Zo makkelijk, die kant-en-klare geraspte kaas: niks geen gestuntel met zo'n onhandig keukenattribuut, maar gewoon schudden uit een zakje. Toch is er wel iets dat pleit vóór doe-het-zelven met een vers stuk kaas, zo blijkt uit onderzoek van de Consumentenbond.
Kaas uit een zakje is eigenlijk nooit zo'n goed idee als je van goed en lekker houdt. Voor dat soort kant-en-klaar spul gebruiken producenten namelijk kaas waarvan de kwaliteit nogal te wensen overlaat. En dat is dan voorzichtig uitgedrukt. Wie een beetje smetvrees heeft, kan er beter helemaal met een grote boog omheen lopen. De geraspte kaas komt namelijk uit partijen waarop schimmel zit of die zijn aangevreten door insecten.
Mag dat zomaar dan?

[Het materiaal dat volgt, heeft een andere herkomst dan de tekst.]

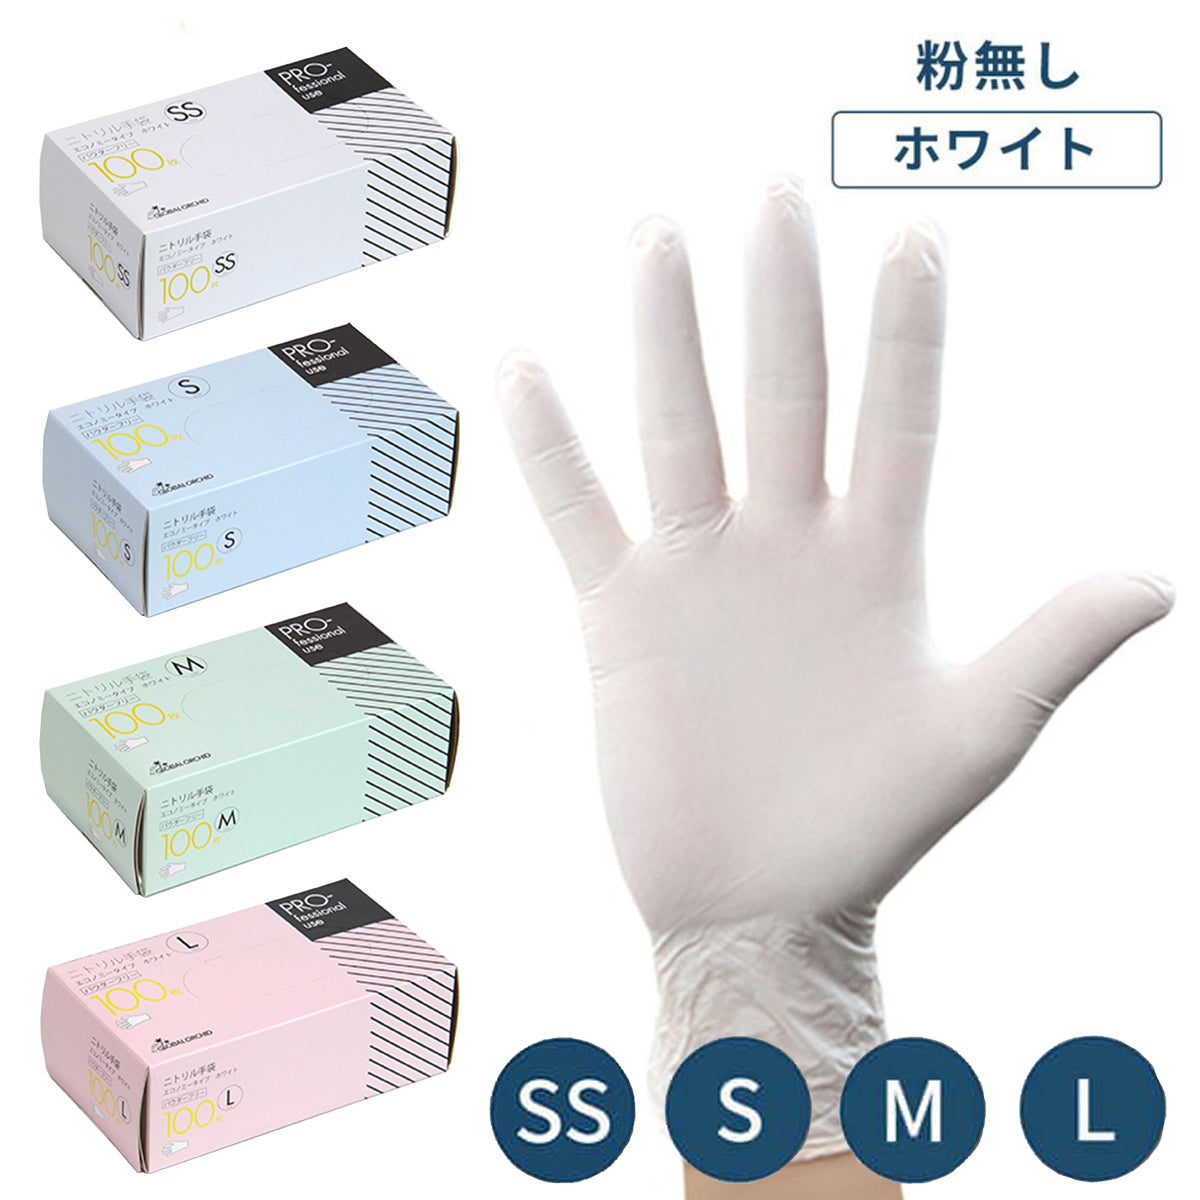 GOニトリル手袋 エコノミータイプ ホワイト 粉なし 100枚/箱

Doet de overheid daar dan niks aan? Jawel hoor, er zijn allerlei voorschriften voor bedacht: schimmel moet diep worden weggesneden en als de kaas echt niet goed meer is, dient ie te worden vernietigd. Maar houdt men zich daar dan ook aan? Ja hoor, vier van de vijf producenten voldeden aan de eisen, zo bleek onlangs bij een controle van de Voedsel- en warenauthoriteit. Eén op de vijf was echter in overtreding en had afgekeurde kazen in huis. Ook werd schimmel soms niet weggesneden, maar er afgespoten met de hogedrukspuit.
De Consumentenbond vond het verontrustende cijfers en besloot zelf een onderzoekje uit te voeren naar de kwaliteit van de geraspte kaas in de winkel. In alle twintig pakjes die werden onderzocht, trof de bond gisten aan. Die zijn niet echt gevaarlijk, maar het is wel een indicatie dat de kwaliteit van de gebruikte kaas nogal te wensen overliet. In de geraspte kaas van vier merken werden schimmels aangetroffen en bij drie enterobacteriën, wat wijst op slechte hygiëne.